This Day in Baseball History
March 16, 1900
Ban Johnson Announces the American League Will Place a Team in Chicago
On March 16, 1900, American League president Ban Johnson announced at the league's spring meeting in Chicago that Charles Comiskey's St. Paul team would relocate to the South Side of the city. The move placed the new circuit directly in National League territory and signaled Johnson's intent to challenge the senior league's monopoly on major-league baseball.
Johnson and Comiskey had been planning the incursion for months. The American League, still officially a minor league in 1900, needed a foothold in the nation's second-largest city to be taken seriously. Johnson negotiated an arrangement with Chicago's National League officials that allowed the new club to set up at the old cricket grounds at 39th and Wentworth, well south of the West Side Grounds where the NL's team played.
The next day, NL president James Hart conceded that Comiskey's club could operate in Chicago without violating the National Agreement, as long as the word "Chicago" did not appear in the team name.

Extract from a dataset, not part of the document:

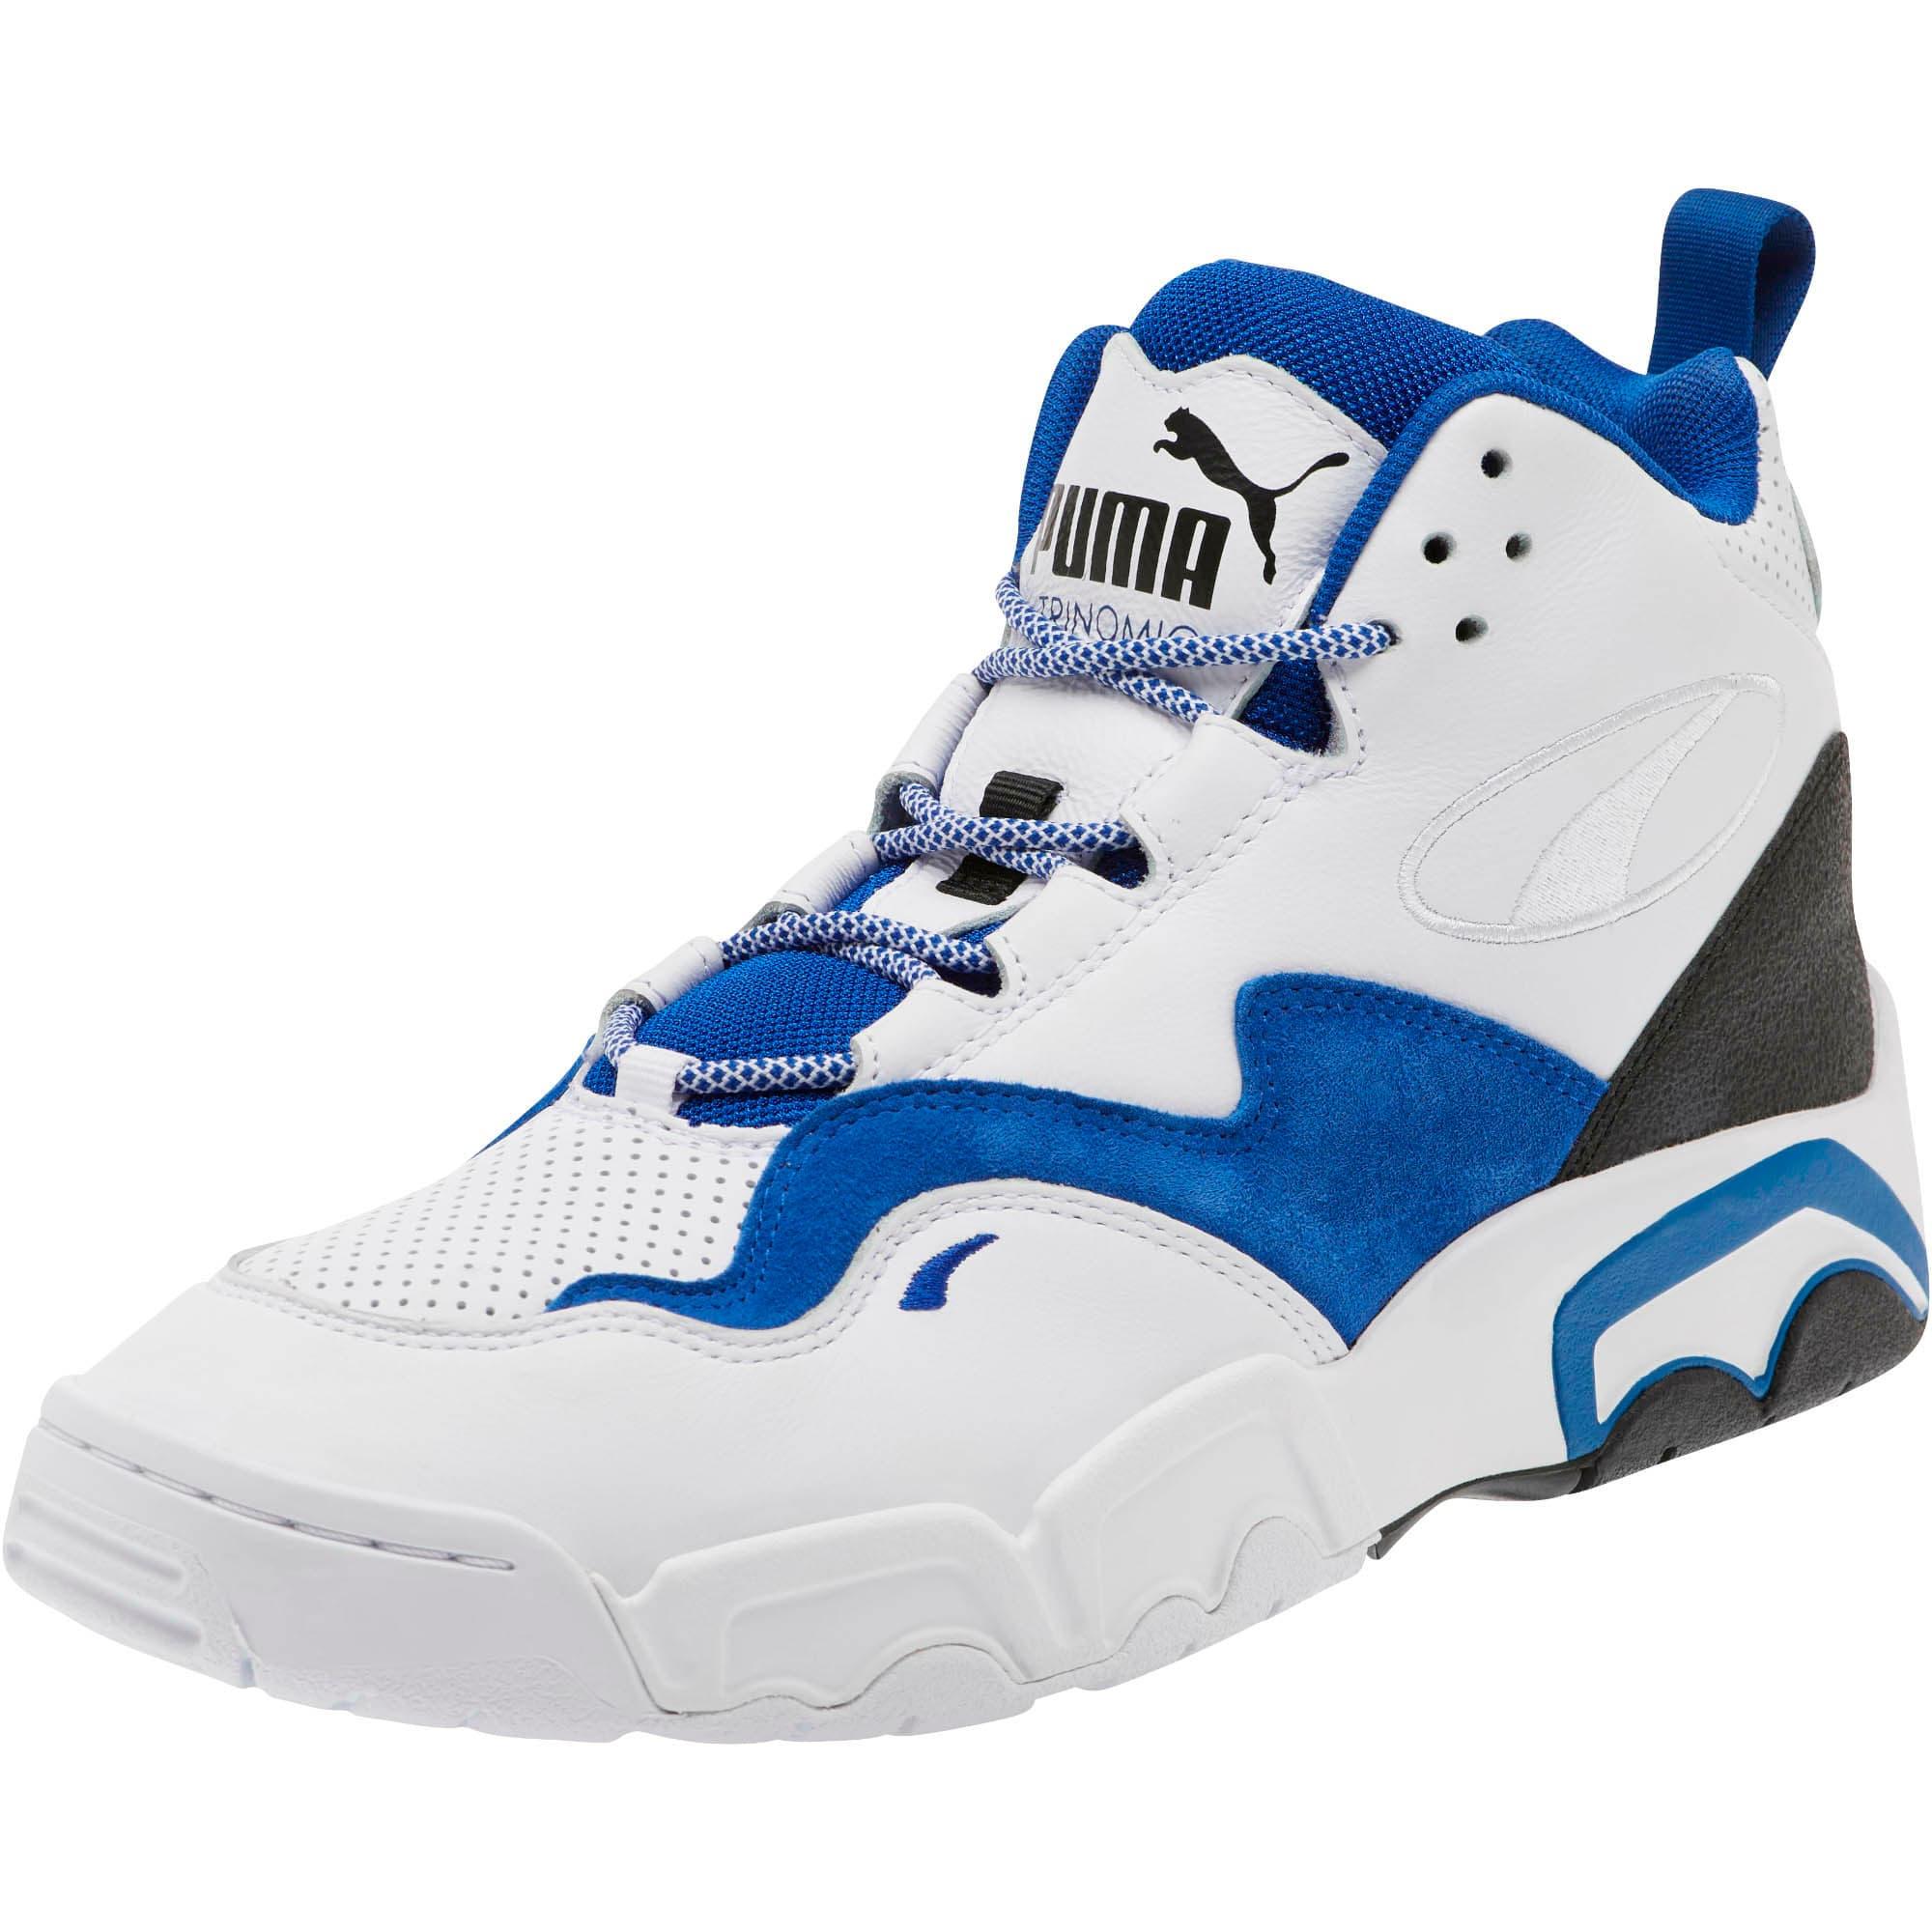 Miniatura 1 de Zapatos deportivos Source Mid Retro 2, P White-Surf The Web-Puma Bl, mediano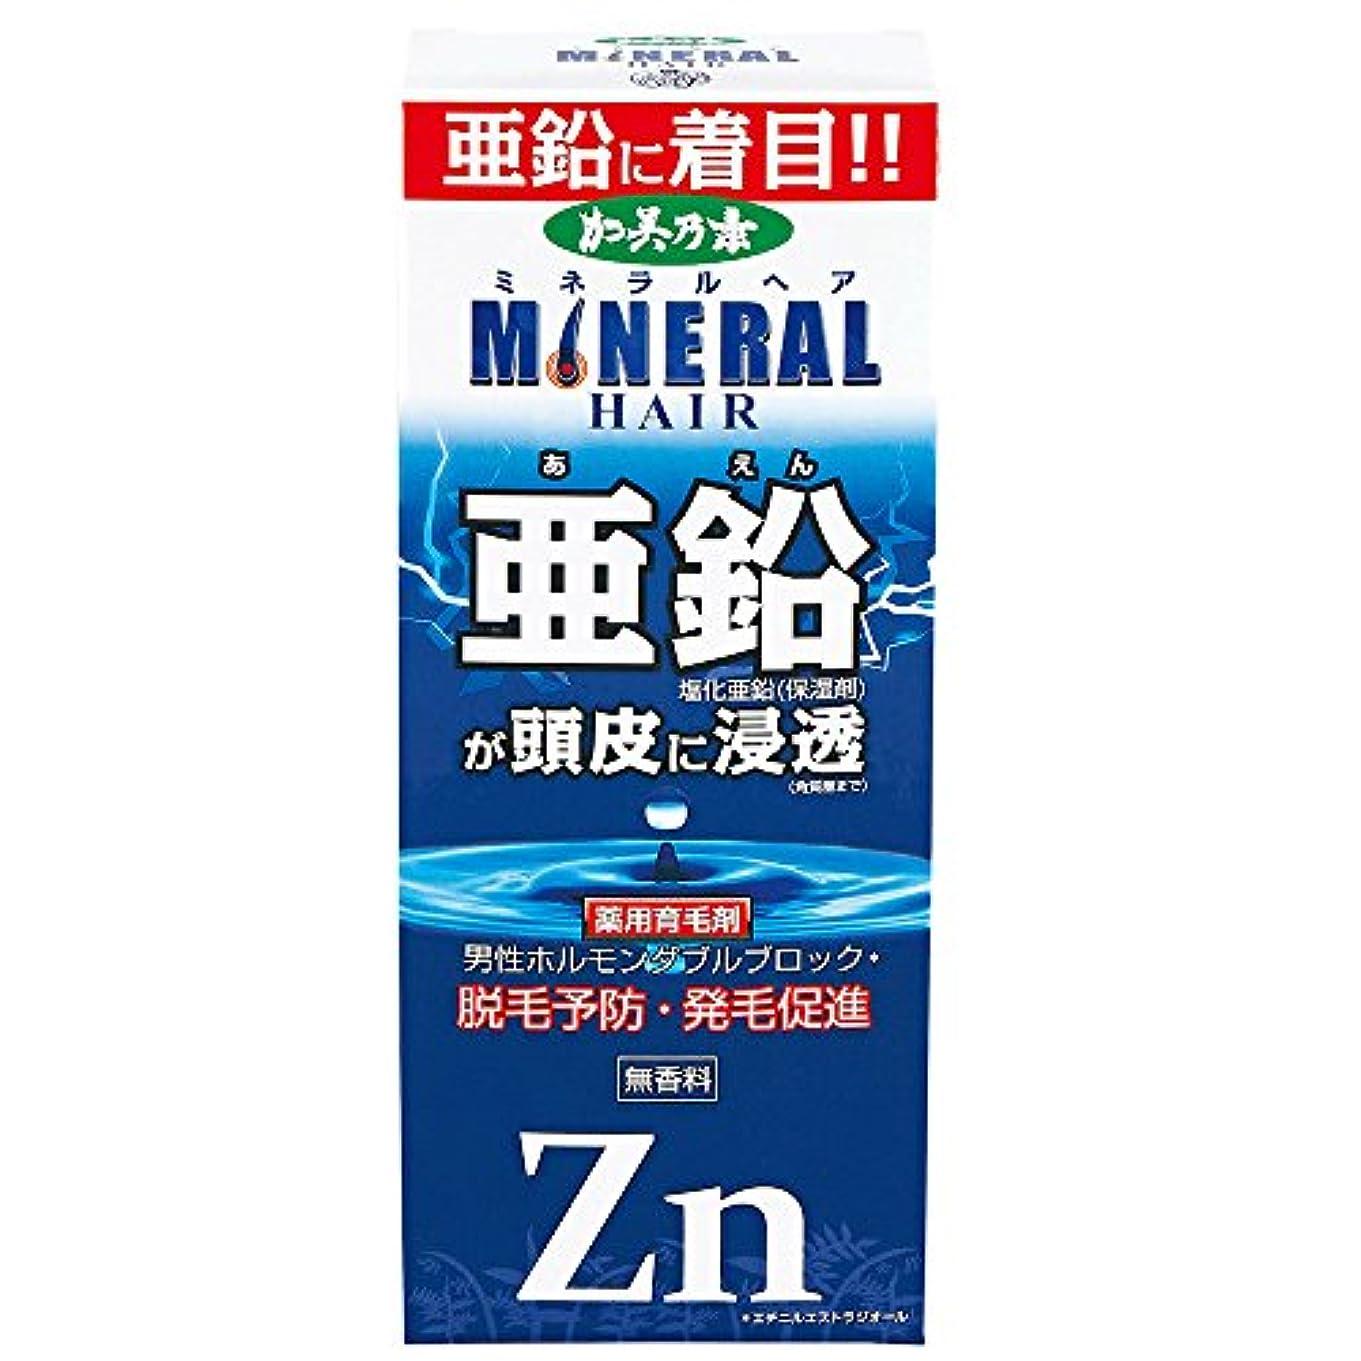 製造業トレーダー発明する薬用加美乃素 ミネラルヘア 育毛剤 180mL (医薬部外品)

Comiskey chose "White Stockings," borrowing the old National League nickname that Cap Anson's teams had carried for decades.
Within a year, Johnson dropped the pretense of minor-league status entirely. In January 1901, he declared the American League a major league and began raiding NL rosters. Comiskey's White Stockings won the first AL pennant that season. The March 16 announcement was the first concrete step toward the two-league structure that would define professional baseball for the next century.